The corrosive effect of the high incidence of serious corruption in SA has dented its ability to deliver on the objectives of the NDP, especially as regards the weaning of Africa off western influences and their replacement with Chinese and Indian links. SA remains a beneficiary of AGOA, the USA’s preferential trade arrangement, and its main trading partners are still in the west. Russia barely interacts with SA, but is big on donating funds to the ANC.
The Russian invasion of Ukraine and the fallout of the war there has impacted on the plans set out in the NDP. While Brazil and India have no difficulty voting against Russia when UN resolutions call for the condemnation of the invasion, so richly deserved, SA remains one of the few countries to abstain on UN resolutions in pursuit of an agenda claimed to be non-aligned, but actually, at least passively, is supportive of Russia. While there is a chance of the Ukrainian war going global, the ANC should be looking to the interests of SA in the current conflict rather than supporting the rogue and authoritarian excesses of the Russians.

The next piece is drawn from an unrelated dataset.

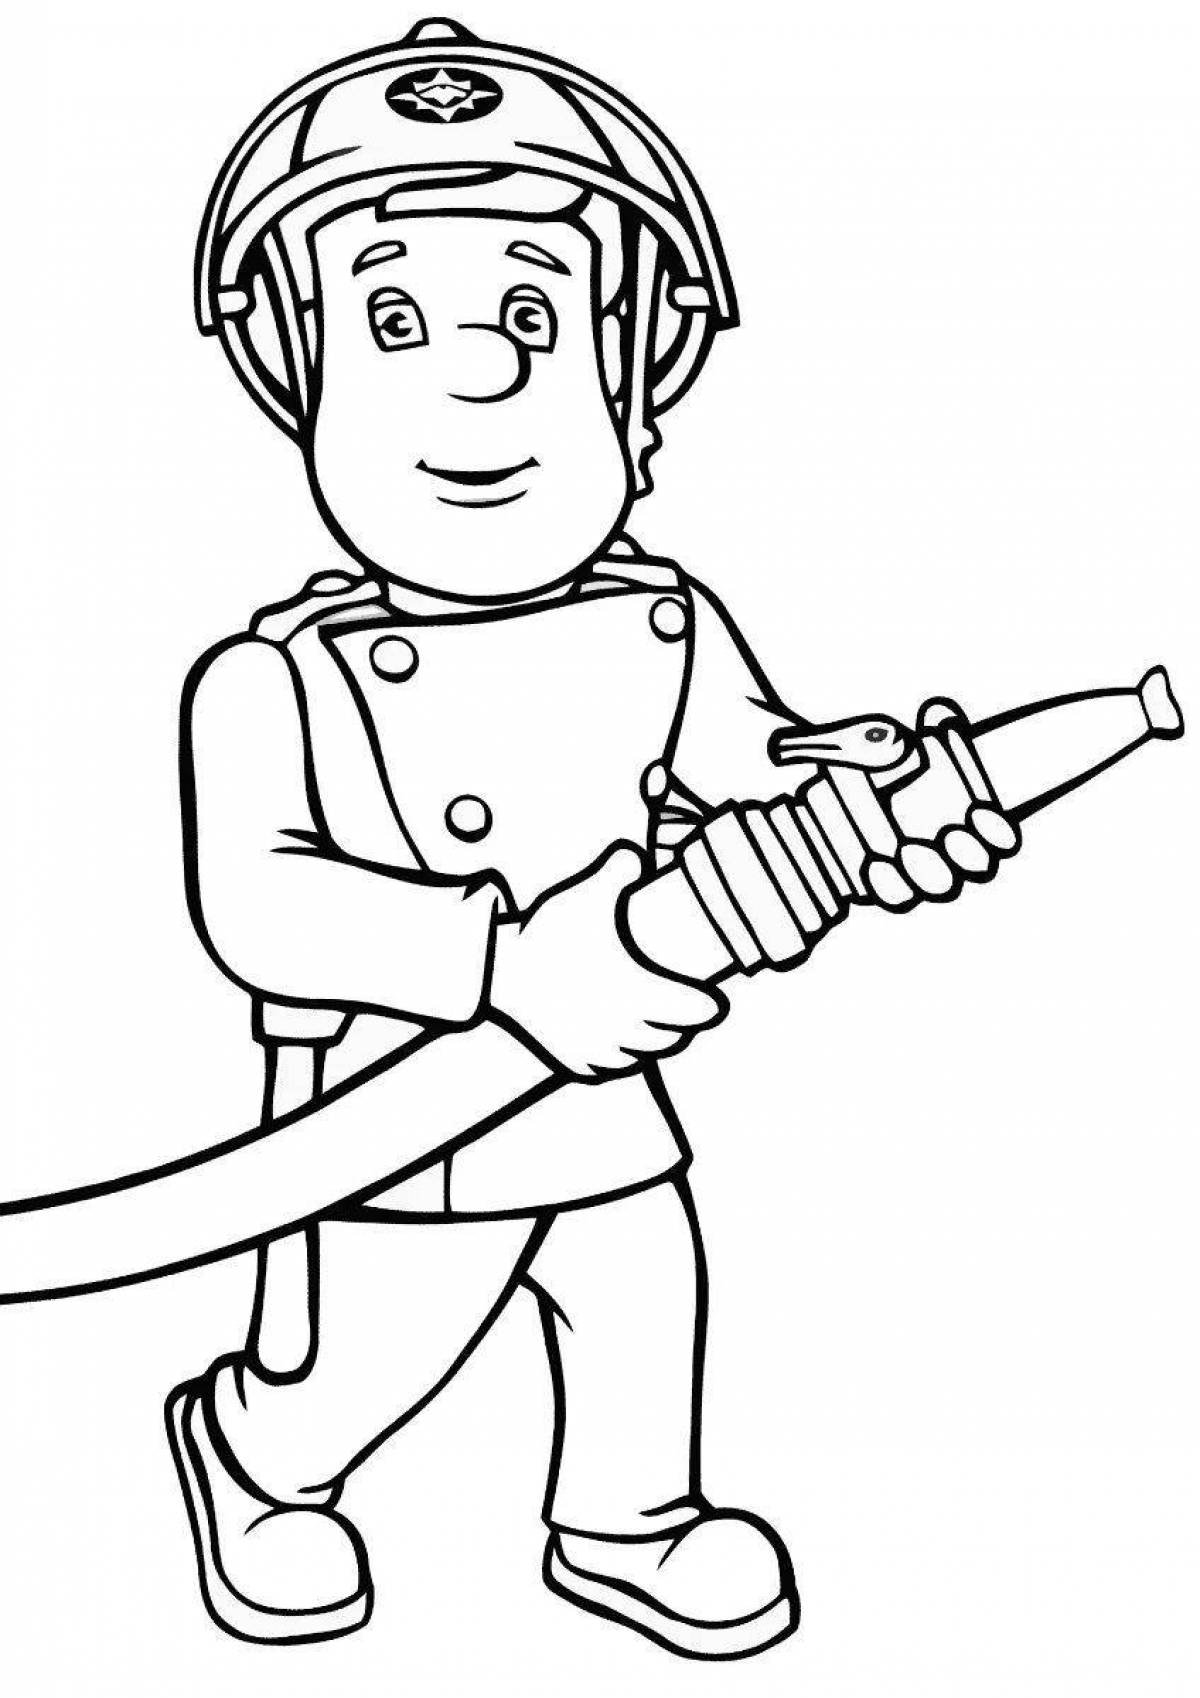 Coloring book fabulous firefighter profession

It is almost as if past allegiances, when the USSR (both Russia and Ukraine) supported the struggle of the ANC, have become baked into the DNA of the ANC and it is incapable of nimbly moving on in the manner required by fealty to the rule of law, the Bill of Rights and constitutionalism. Instead an unprovoked invasion by an authoritarian regime that has all the hallmarks of oligarchy and kleptocracy is condoned and excused so that the flow of Russian funding for the ANC does not stop. A donation of R15 million declared by the ANC was from United Manganese of Kalahari (UMK), a company in which the ANC’s investment arm – Chancellor House – is a shareholder.
The UMK has links to a sanctioned Russian oligarch.

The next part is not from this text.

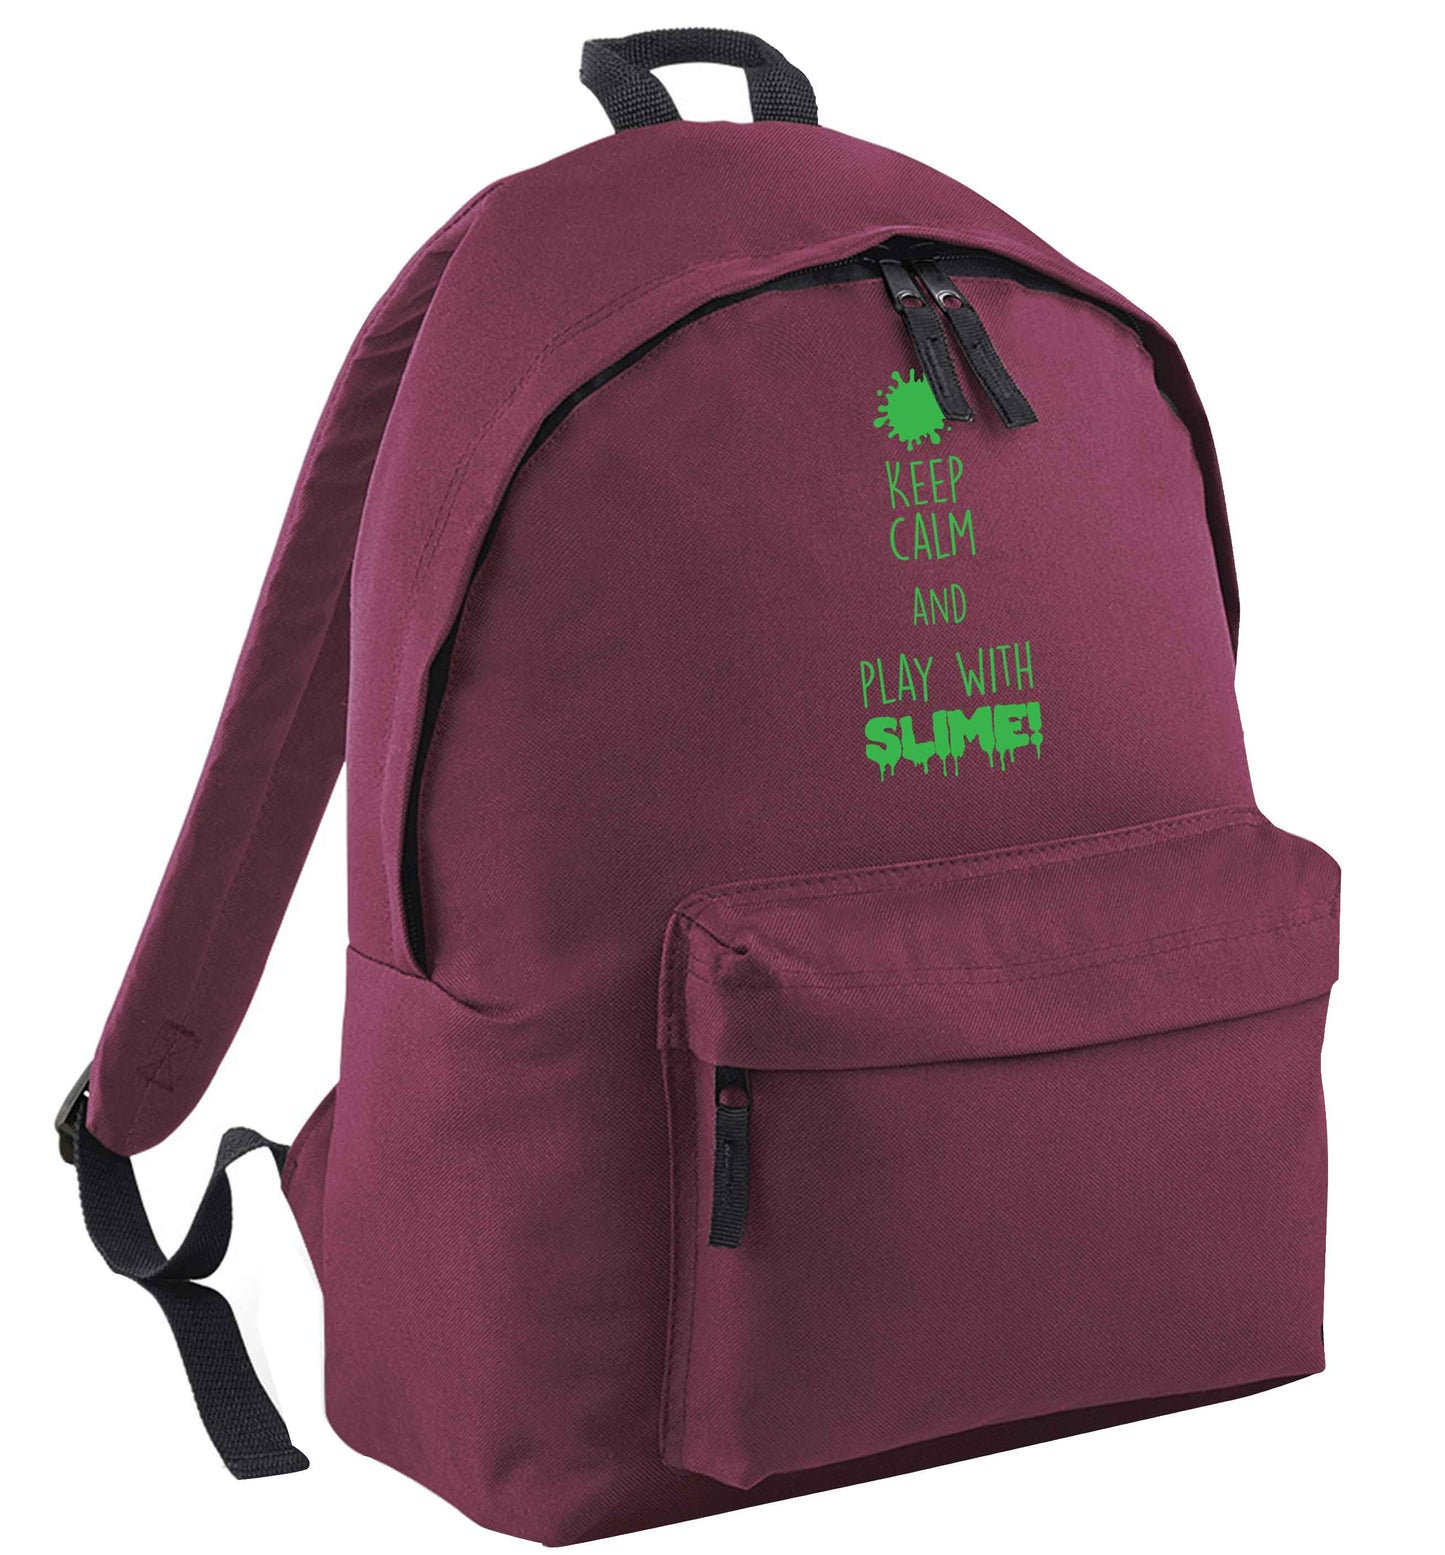 Neon green keep calm and play with slime!black adults backpack

The R15 million from UMK was paid to the Johannesburg Expo Centre, the venue which hosted the ANC’s national conference in December 2022.

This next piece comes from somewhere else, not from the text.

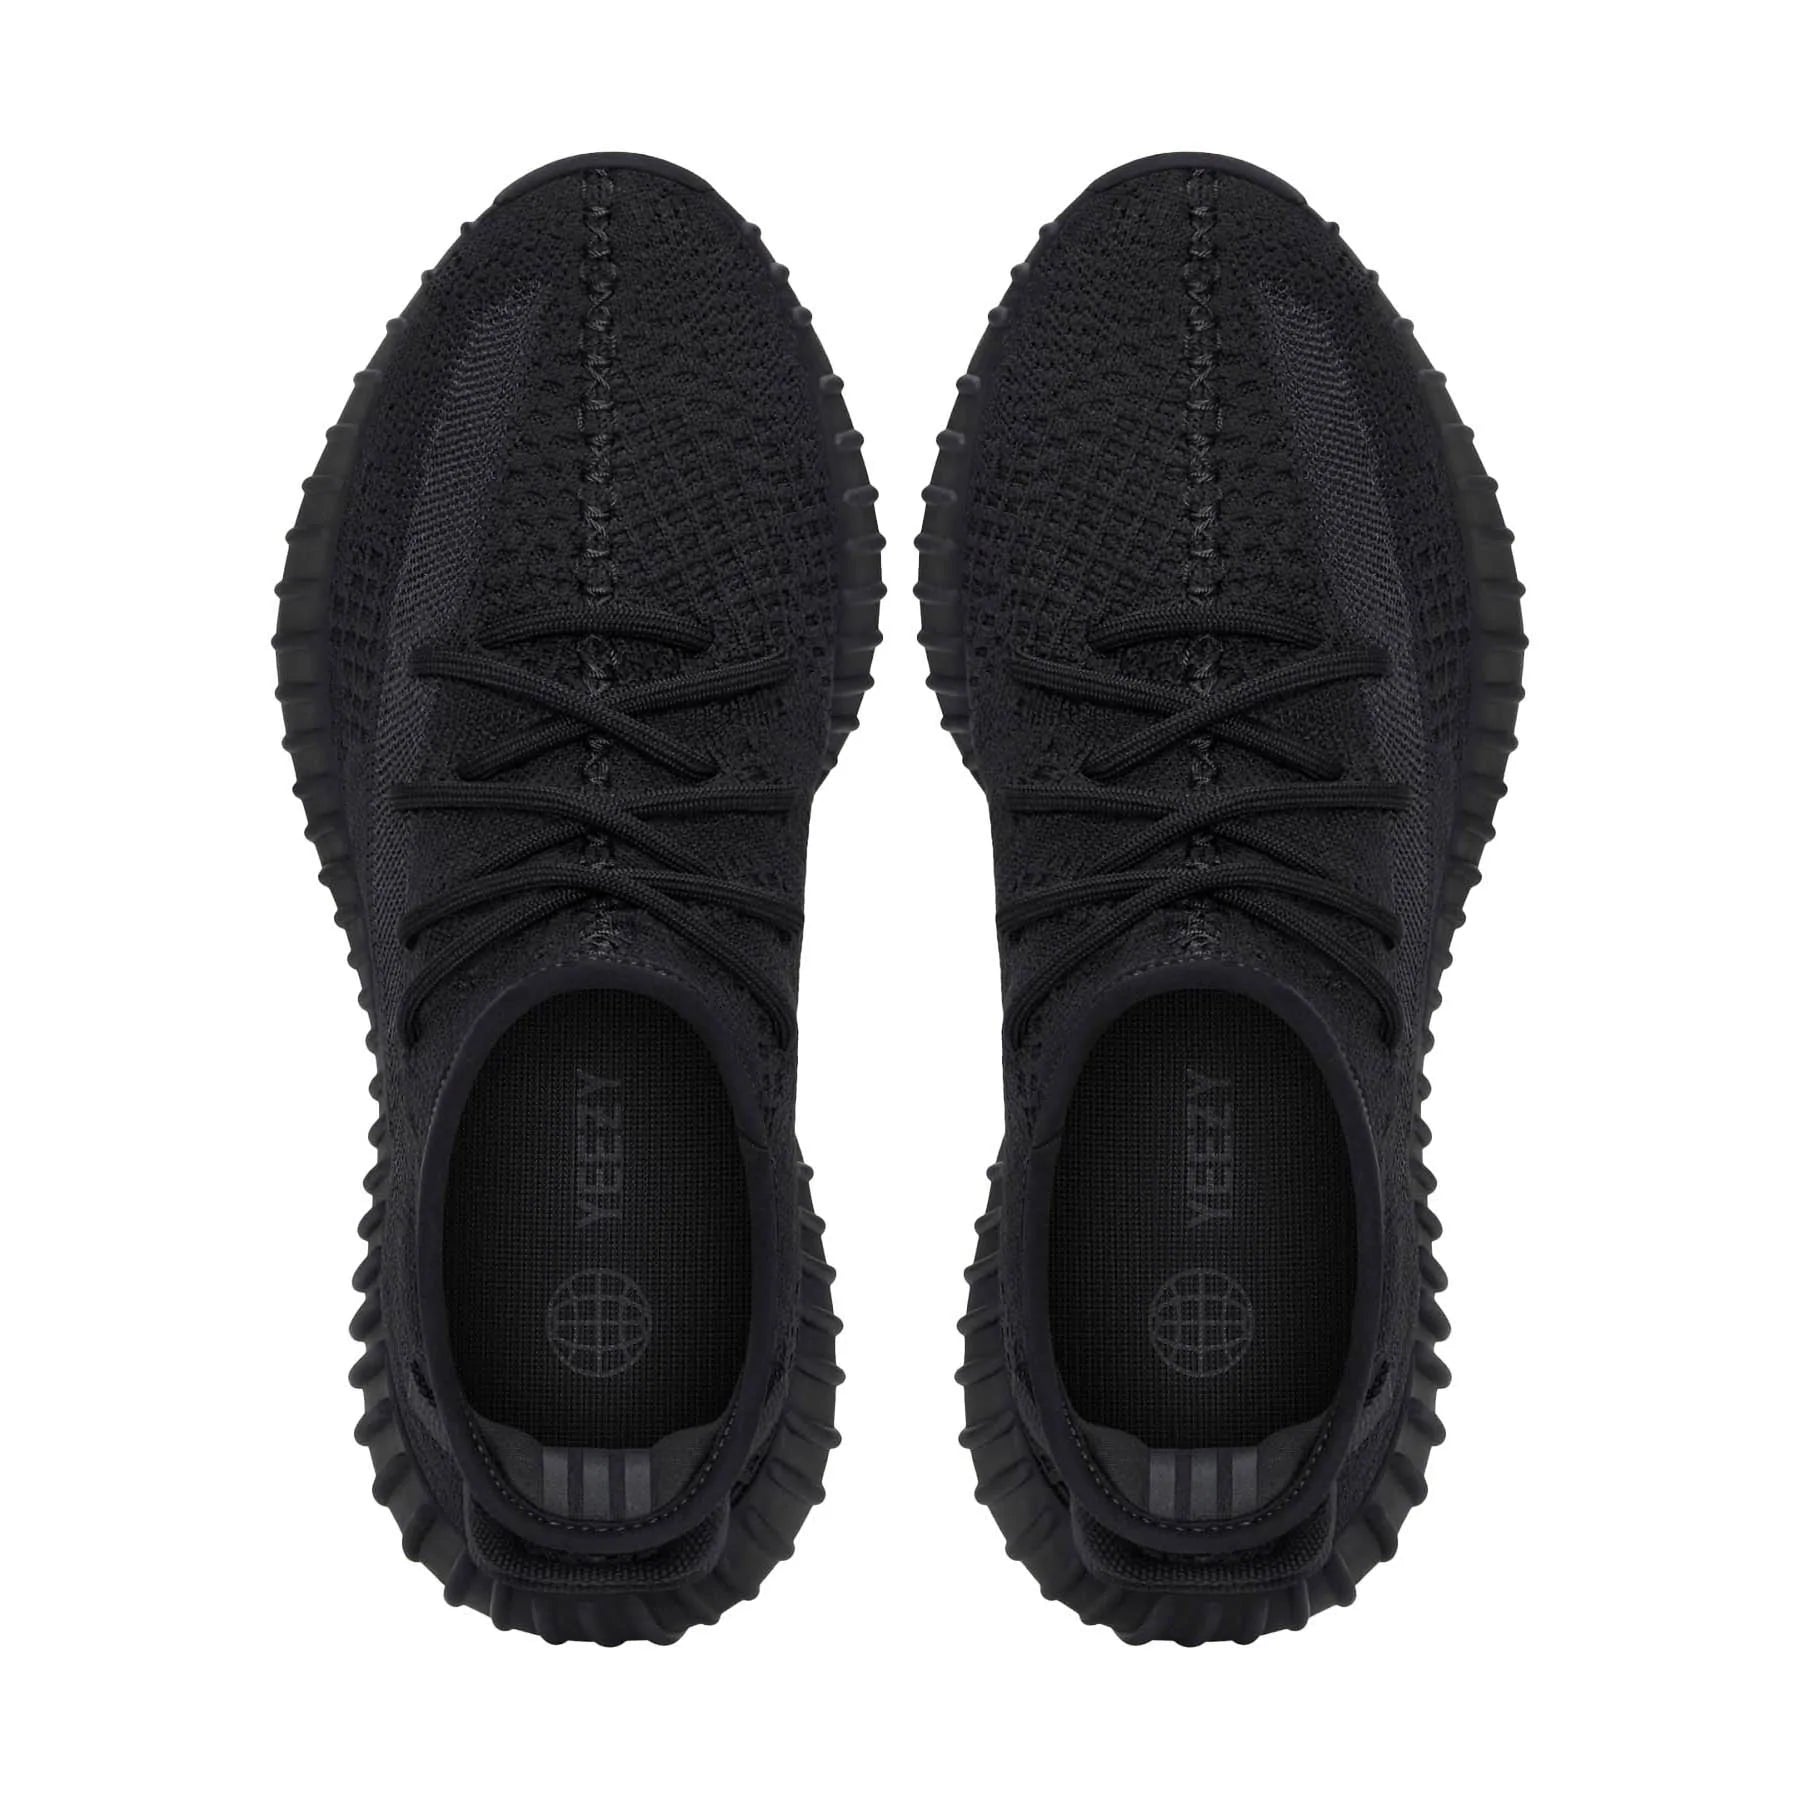 Double Boxed  599.99 adidas Yeezy Boost 350 V2 Black Onyx Double Boxed

While the western powers are heavily invested in SA, they do not make donations to the ANC. The response of the ANC to the war between Hamas and Israel is likely to alienate the west.
It is vital that the national interest should not be confused with the interest the ANC has to keep itself afloat in the sea of corrupt activities in which it operates. Chancellor House was a 25% shareholder in Hitachi Power Africa, a deal, worth billions to the ANC, which got Hitachi heavily fined in the USA under the Foreign Corrupt Practices Act. It is impossible to hold free and fair elections in SA while the ANC is the only contestant which raises funds in the way in which Chancellor House did so in the Hitachi deal.
All too often the interests of the ANC are elided with those of the nation. This is not surprising when the aim is to secure hegemony. That aim is deeply and darkly unconstitutional. Civil society and engaged citizens need to be aware that the ANC is not SA and SA is not the ANC. Free and fair elections depend upon the separation of party and state.
*Paul Hoffman SC is a director of Accountability Now.